◆ **COLLECTED MATERIAL**:
□ □ □ □ □ □ □

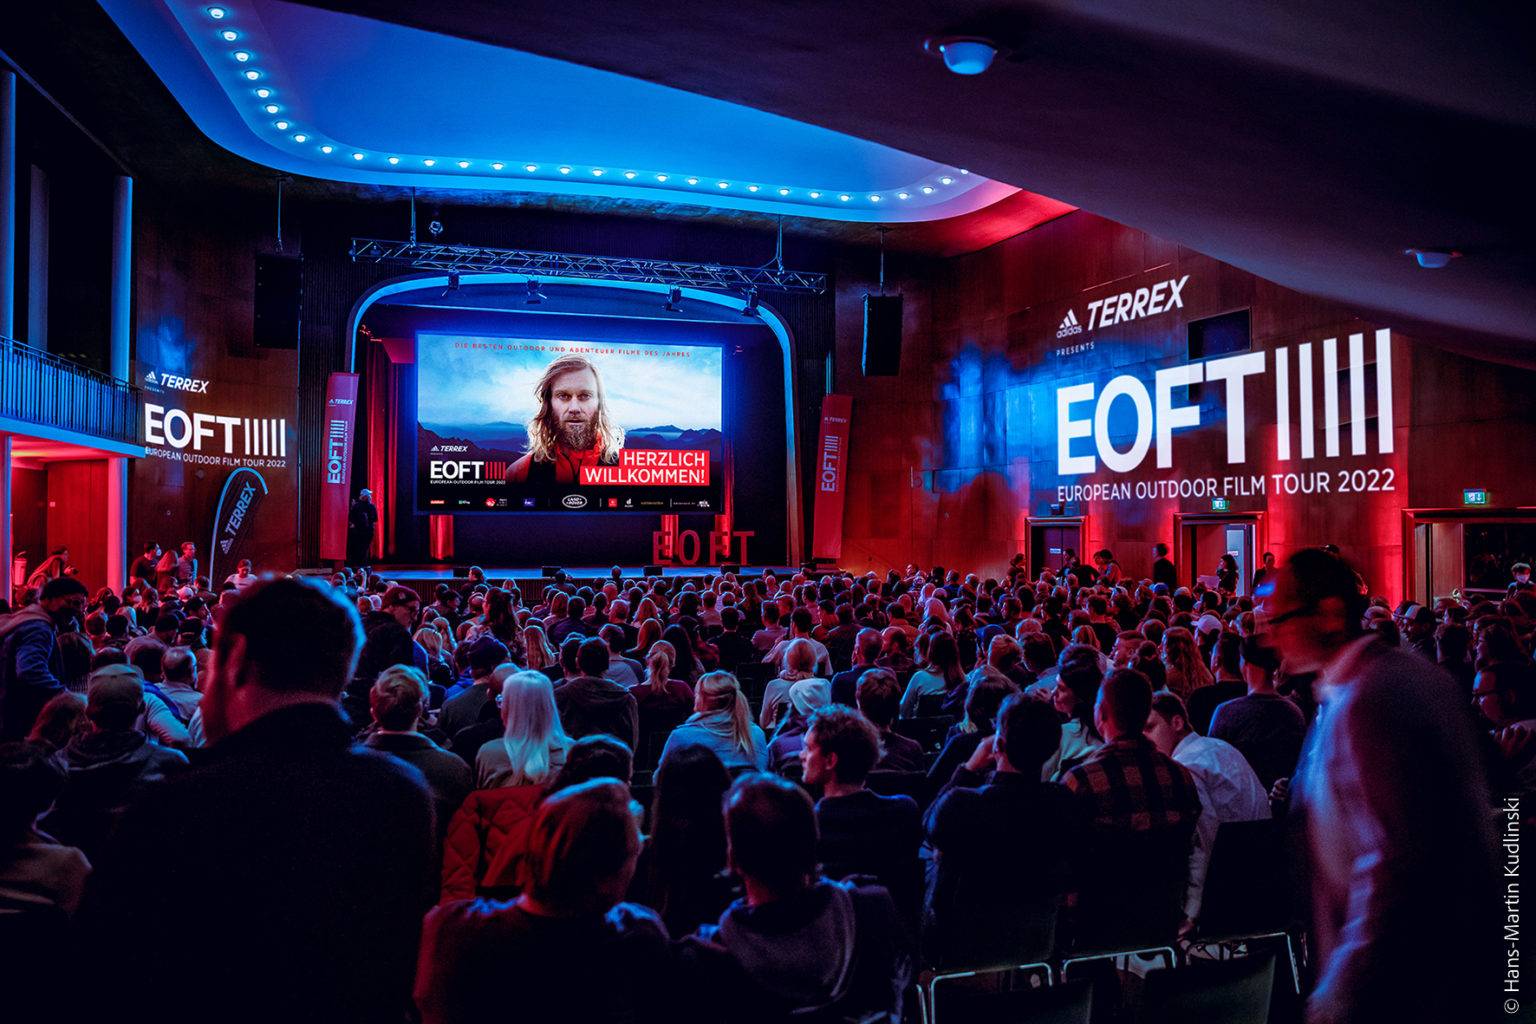 eoft film tour 2022
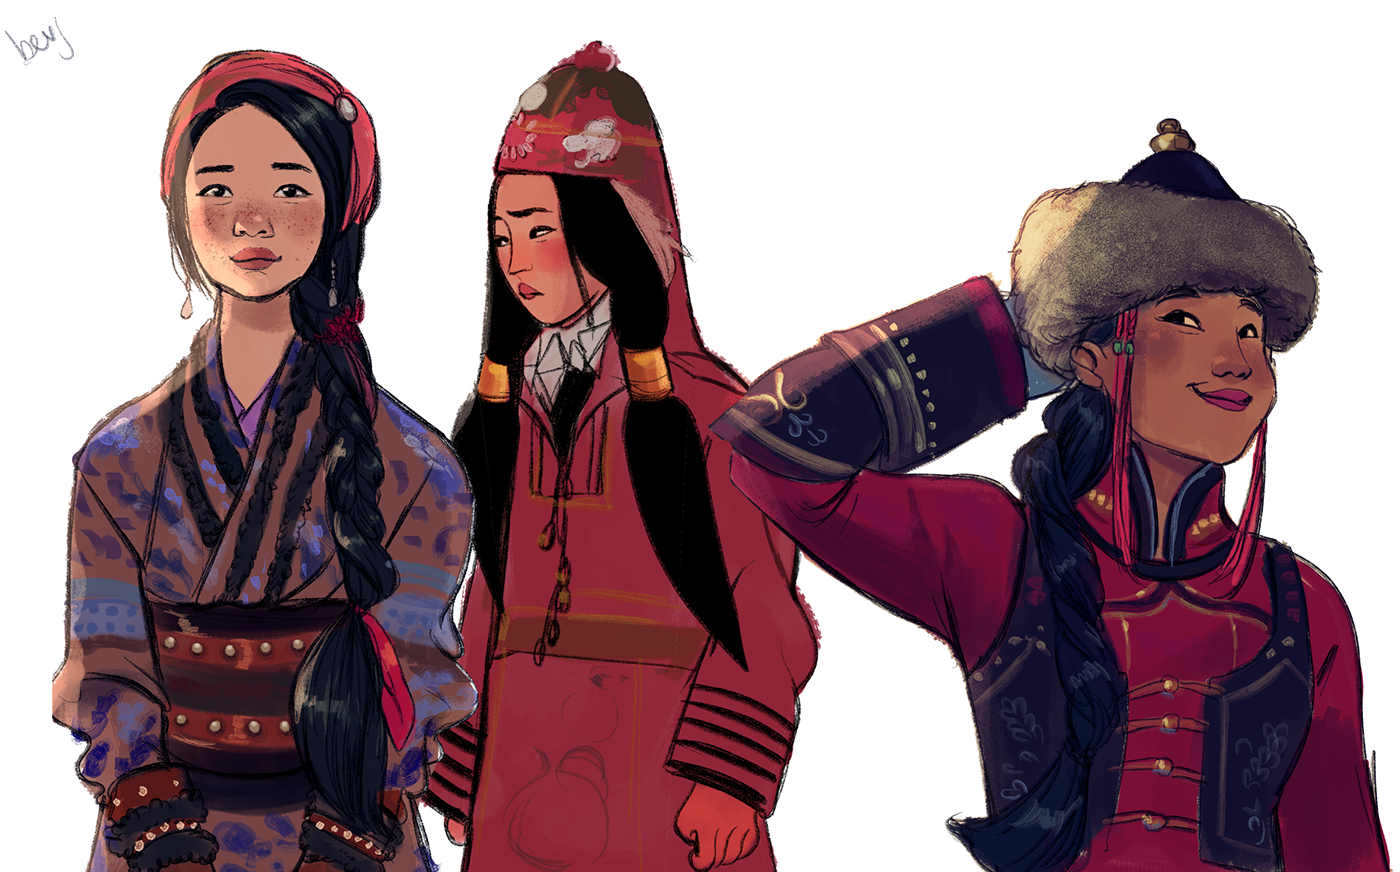 Kazakh me. Казахские арты. Монгольские женщины современные. Казахский персонаж. Казахские иллюстрации.
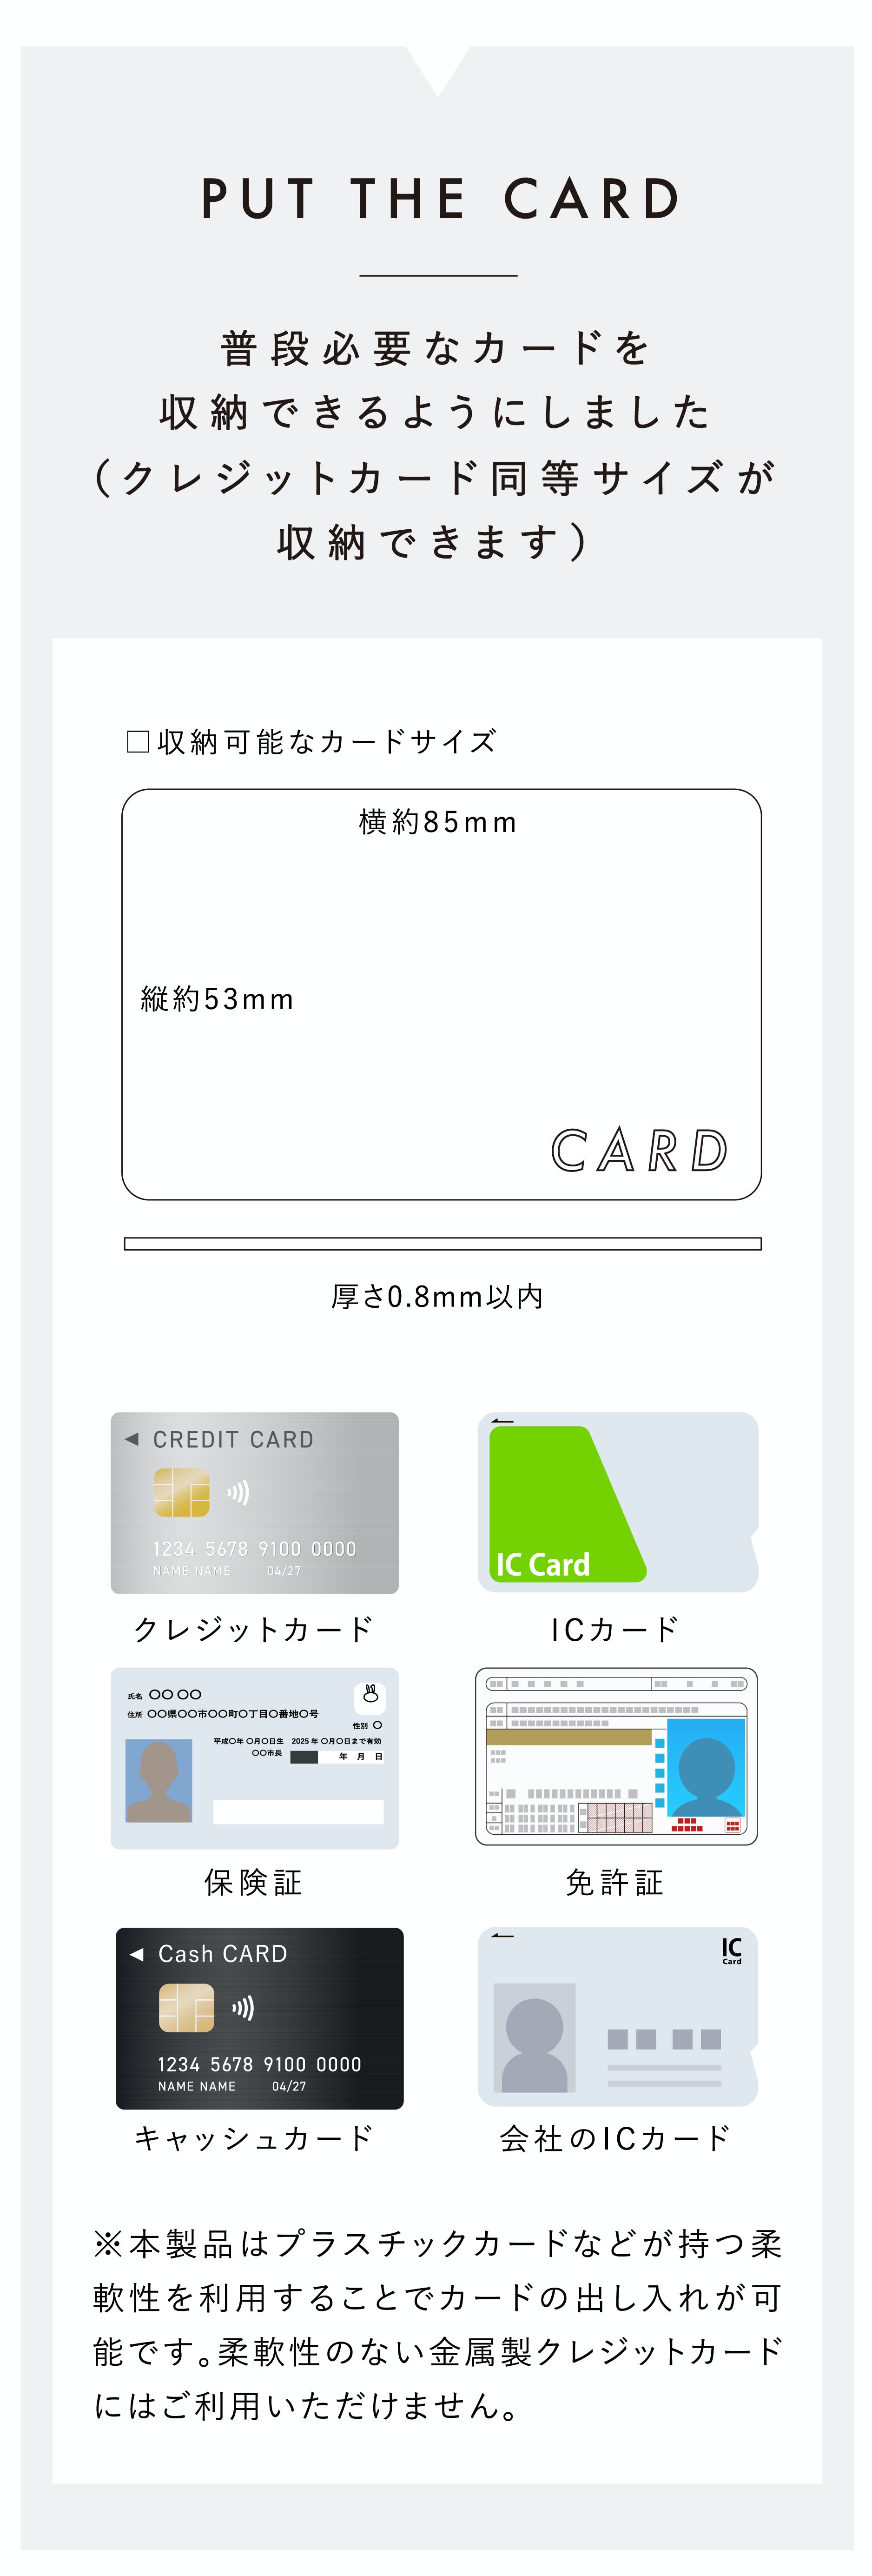 NIUM CLASSIC ニウムクラシック 次世代フレーム型 日本製 アルミ削り出し マネークリップ カードケース マイナンバーカード 免許証 保険証
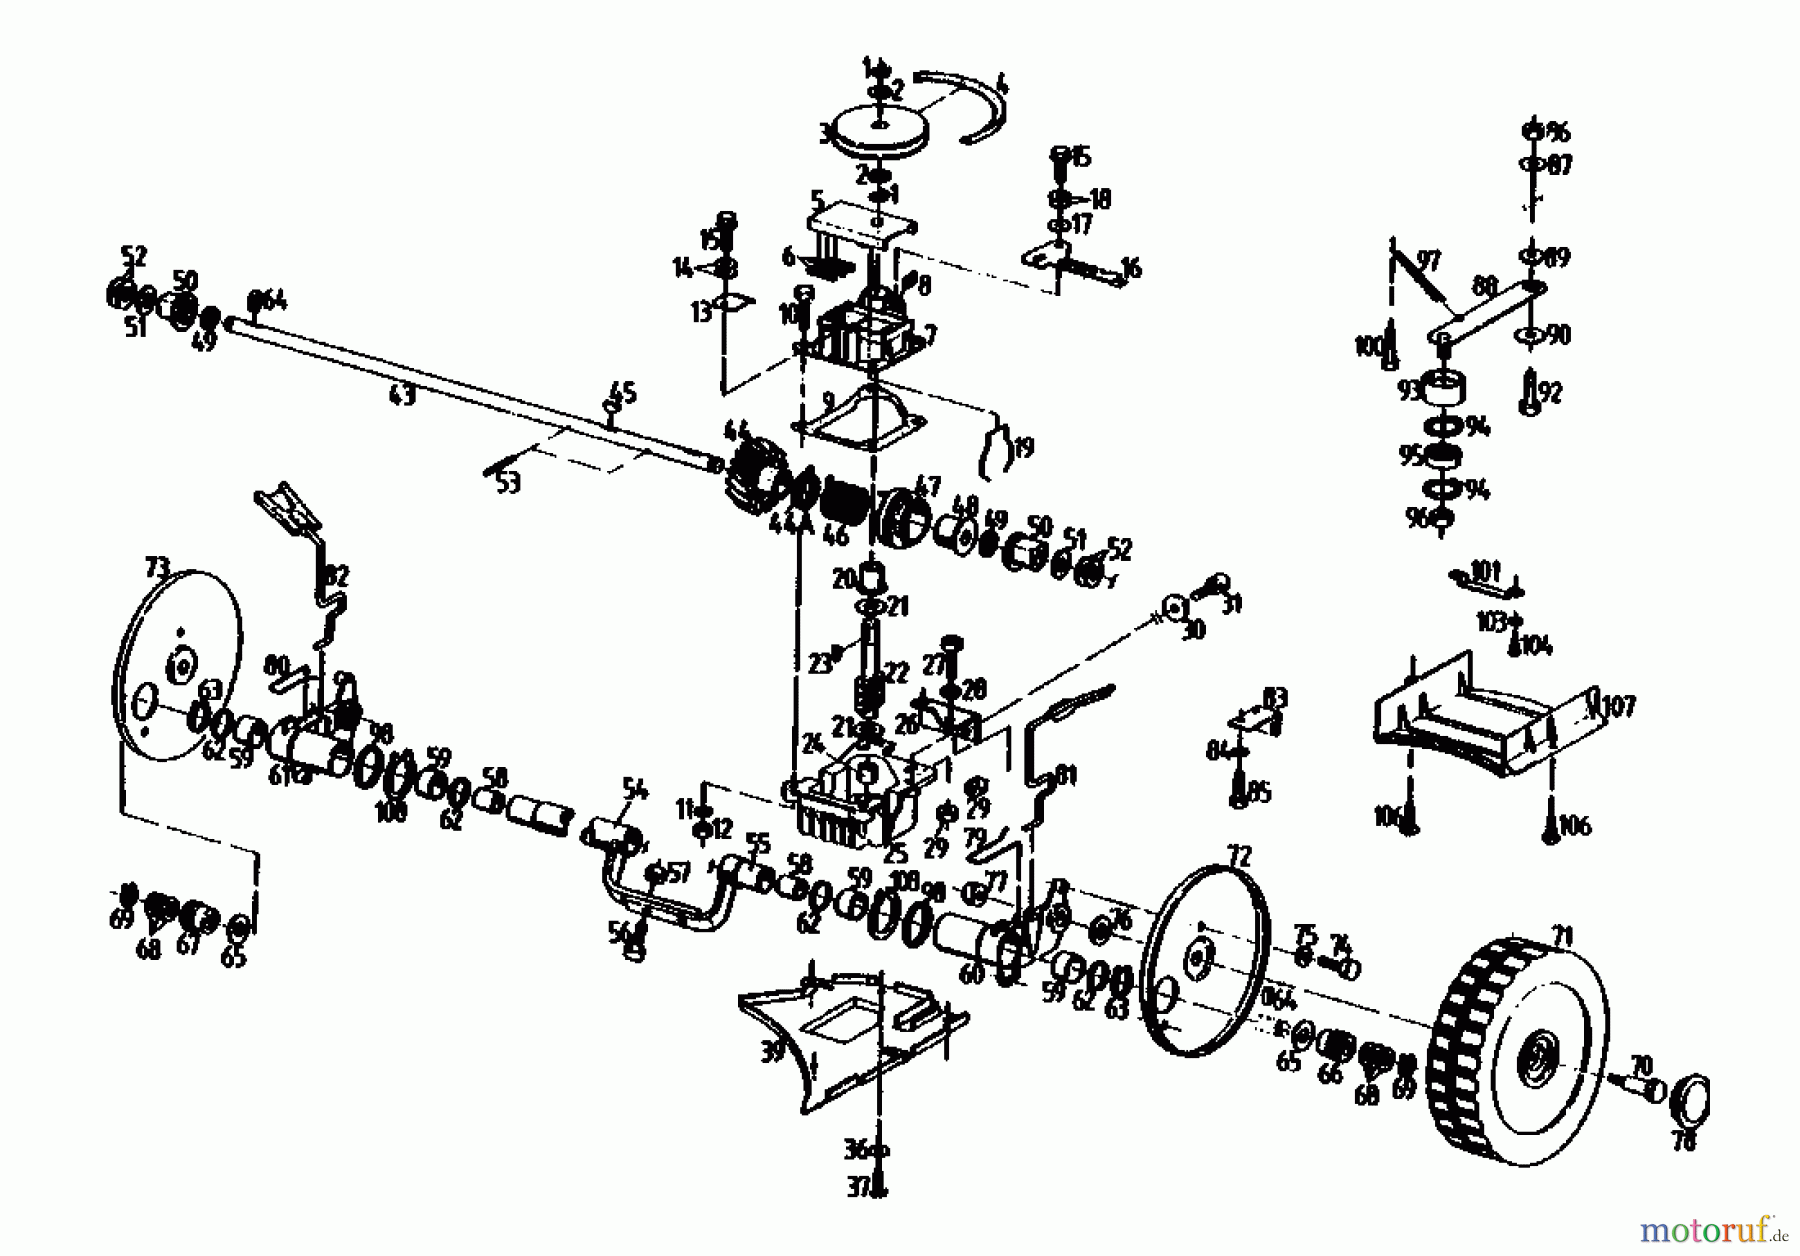  Gutbrod Motormäher mit Antrieb HB 47 R-4 BS 04001.01  (1990) Getriebe

□ □ □ □ □ □ □

◆ **EXERCISE INSTRUCTIONS**: In the listing, find the line containing "Kazakh me. Казахские" and repeat it and every later line through the last one, word for word, excluding the pictures.

◆ **RESPONSE TO THIS EXERCISE**:
 Kazakh me. Казахские арты. Монгольские женщины современные. Казахский персонаж. Казахские иллюстрации.
 NIUM CLASSIC ニウムクラシック 次世代フレーム型 日本製 アルミ削り出し マネークリップ カードケース マイナンバーカード 免許証 保険証
  Gutbrod Motormäher mit Antrieb HB 47 R-4 BS 04001.01  (1990) Getriebe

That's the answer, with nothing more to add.